NINTH:  BYLAWS.  The Board of Directors shall have power to make, alter, amend and repeal the Bylaws, except so far as Bylaws adopted by the holders of Common Stock shall otherwise provide. Notwithstanding the foregoing, Bylaw provisions relating to informal action by holders of Common Stock without a meeting, nomination of director candidates by holders of Common Stock, notice of matters to be brought before an annual meeting by holders of Common Stock, the number, election and terms of directors elected by holders of Common Stock, the removal of directors elected by holders of Common Stock, the filling of vacancies on the Board of Directors created by an increase in the number of directors or by the death, resignation, removal or disqualification of directors elected by the holders of Common Stock, and the manner of calling and persons authorized to call special meetings of holders of Common Stock shall not be altered, amended or repealed, and no provisions inconsistent therewith shall be adopted, without (i) the approval of a majority of the Disinterested Directors, as defined in Article ELEVENTH hereof, or (ii) the affirmative vote of the holders of at least eighty percent (80%) of the votes entitled to be cast by the holders of Common Stock.

TENTH:  FAIR PRICE PROVISION.

(a) Vote Required for Certain Business Combinations.

1.
Higher Vote for Certain Business Combinations.  In addition to any affirmative vote required by law or this Amended and Restated Certificate of Incorporation, and except as otherwise expressly provided in Section (b) of this Article,

(A)
any merger or consolidation of the Corporation or any Subsidiary (as hereinafter defined) with (i) any Interested Stockholder (as hereinafter defined) or (ii) any other person (whether or not itself an Interested Stockholder) which is, or after such merger or consolidation would be, an Affiliate (as hereinafter defined) of an Interested Stockholder; or

(B)
any sale, lease, exchange, mortgage, pledge, transfer or other disposition (in one transaction or a series of transactions) to or with any Interested Stockholder or any Affiliate of any Interested Stockholder of any assets of the Corporation or any Subsidiary having an aggregate Fair Market Value of $10,000,000 or more; or

(C)
the issuance or transfer by the Corporation or any Subsidiary (in one transaction or a series of transactions) of any securities of the Corporation or any Subsidiary to any Interested Stockholder or any Affiliate of any Interested Stockholder in exchange for cash, securities or other property (or a combination thereof) having an aggregate Fair Market Value of $10,000,000 or more; or


(D)
the adoption of any plan or proposal for the liquidation or dissolution of the Corporation proposed by or on behalf of any Interested Stockholder or any Affiliate of any Interested Stockholder; or

(E)
the adoption of any plan of share exchange between the Corporation or any Subsidiary with any Interested Stockholder or any other person which is, or after such share exchange would be, an Affiliate of any Interested Stockholder; or

(F)
any reclassification of securities (including any reverse stock split), or recapitalization of the Corporation, or any merger or consolidation of the Corporation with any of its Subsidiaries or any other transaction (whether or not with or into or otherwise involving an Interested Stockholder) which has the effect, directly or indirectly, of increasing the proportionate share of the outstanding shares of any class of Equity Security (as hereinafter defined) of the Corporation or any Subsidiary (as hereinafter defined) or the Corporation or any Subsidiary which is directly or indirectly owned by any Interested Stockholder or any Affiliate of any Interested Stockholder;

shall require the affirmative vote of the holders of at least eighty percent (80%) of the votes entitled to be cast by the holders of Common Stock.  Such affirmative vote shall be required notwithstanding the fact that no vote may be required, or that a lesser percentage may be specified, by law or in any agreement with any national securities exchange or otherwise.

2.
Definition of "Business Combination".  The term "Business Combination" used in this Article shall mean any transaction which is referred to in any one or more of clauses (A) through (F) of Paragraph 1 of this Section (a).

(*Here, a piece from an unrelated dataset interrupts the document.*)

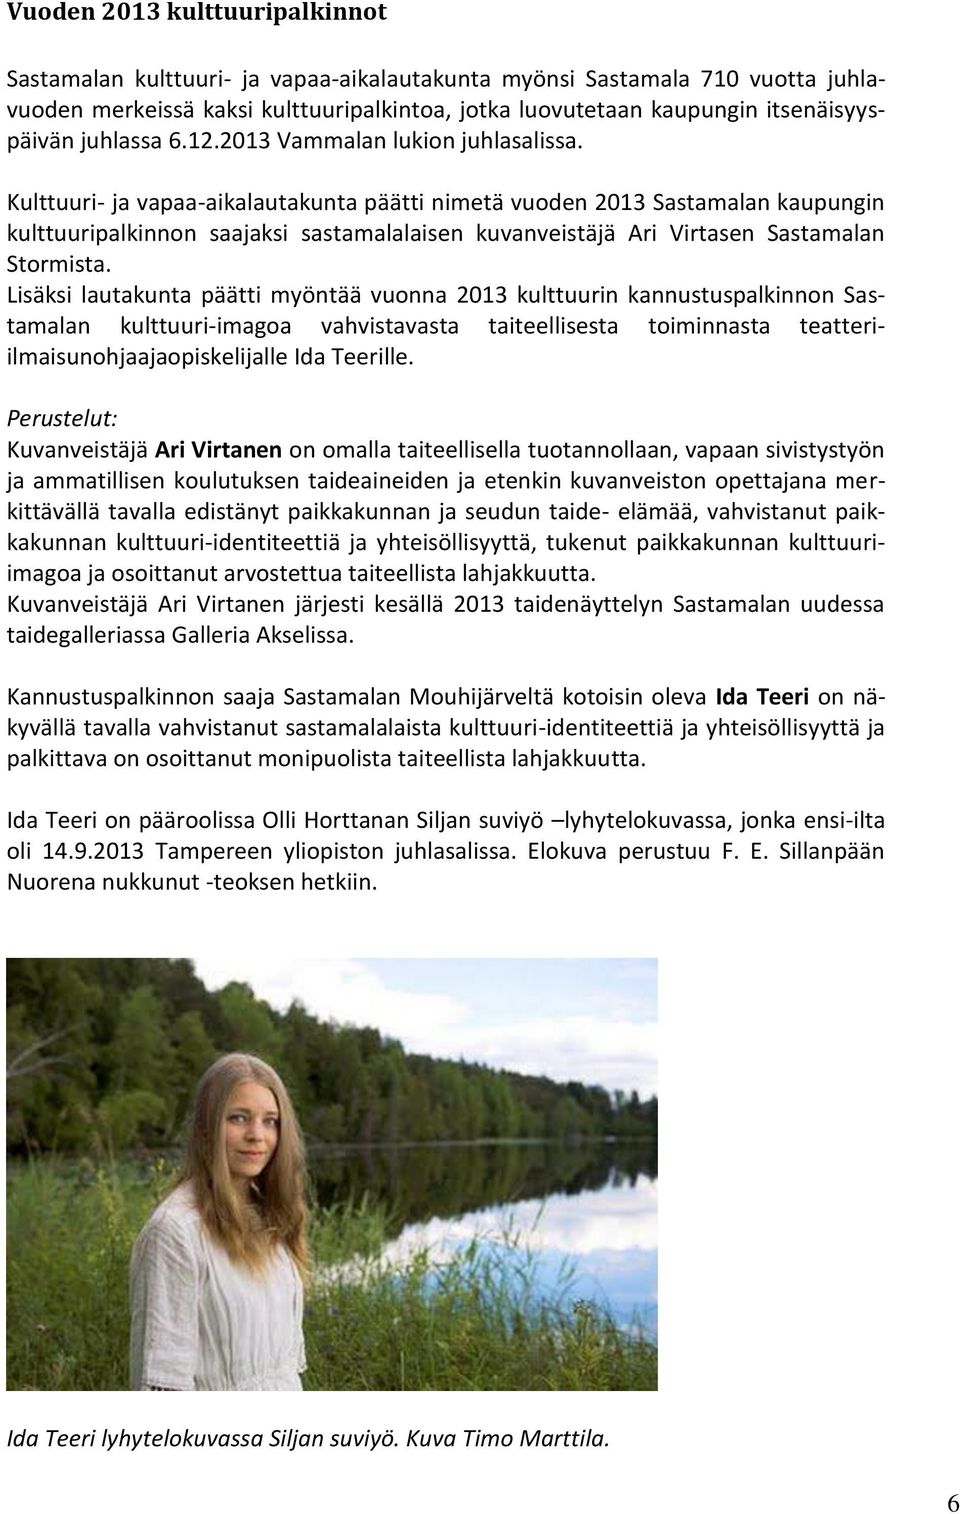 Kulttuuri- ja vapaa-aikalautakunta päätti nimetä vuoden 2013 Sastamalan kaupungin kulttuuripalkinnon saajaksi sastamalalaisen kuvanveistäjä Ari Virtasen Sastamalan Stormista.

(b) When Higher Vote is Not Required.  The provisions of Section (a) of this Article shall not be applicable to any particular Business Combination, and such Business Combination shall require only such affirmative vote as is required by law and any other provision of this Amended and Restated Certificate of Incorporation, if all of the conditions specified in either of the following paragraphs 1 and 2 are met:

1.
Approval by Disinterested Directors.  The Business Combination shall have been approved by a majority of the Disinterested Directors (as hereinafter defined).

2.
Price and Procedure Requirements.  All of the following conditions shall have been met:

(A)
The aggregate amount of the cash and the Fair Market Value (as hereinafter defined) as of the date of the consummation of the Business Combination of consideration other than cash to be received per share by holders of Common Stock in such Business Combination shall be at least equal to the higher of the following:
 


(i)
(if applicable) the highest per share price (including any brokerage commissions, transfer taxes and soliciting dealers' fees) paid by the Interested Stockholder for any shares of Common Stock acquired by it (a) within the two‑year period immediately prior to the first public announcement of the terms of the proposed Business Combination (the "Announcement Date") or (b) in the transaction in which it became an Interested Stockholder, whichever is higher; and

    (ii)
the Fair Market Value per share of Common Stock on the Announcement Date or on the date on which the Interested Stockholder became an Interested Stockholder (such latter date is referred to in this Article as the "Determination Date"), whichever is higher.

(B)
The aggregate amount of the cash and the Fair Market Value as of the date of the consummation of the Business Combination of consideration other than cash to be received per share by holders of shares of any other class of outstanding stock shall be at least equal to the highest of the following (it being intended that the requirements of this paragraph 2(B) shall be required to be met with respect to every class of outstanding stock, whether or not the Interested Stockholder has previously acquired any shares of a particular class of stock):

(i)
(if applicable) the highest per share price (including any brokerage commissions, transfer taxes and soliciting dealers' fees) paid by the Interested Stockholder for any shares of such class of stock acquired by it (a) within the two‑year period immediately prior to the Announcement Date or (b) in the transaction in which it became an Interested Stockholder, whichever is higher;

(ii)
(if applicable) the highest preferential amount per share to which the holders of shares of such class of stock are entitled in the event of any voluntary liquidation, dissolution or winding up of the Corporation; and

(iii)
the Fair Market Value per share of such class of stock on the Announcement Date or on the Determination Date, whichever is higher.

(C)
The consideration to be received by holders of a particular class of outstanding stock (including Common Stock) shall be in cash or in the same form as the Interested Stockholder has previously paid for shares of such class of stock.  If the Interested Stockholder has paid for shares of any class of stock with varying forms of consideration, the form of consideration for such class of stock shall be either cash or the form used to acquire the largest number of shares of such class of stock previously acquired by it.  The price determined in accordance with paragraph 2(A) and 2(B) of this Section (b) shall be subject to appropriate adjustment in the event of any stock dividend, stock split, combination of shares or similar event.
 


(D)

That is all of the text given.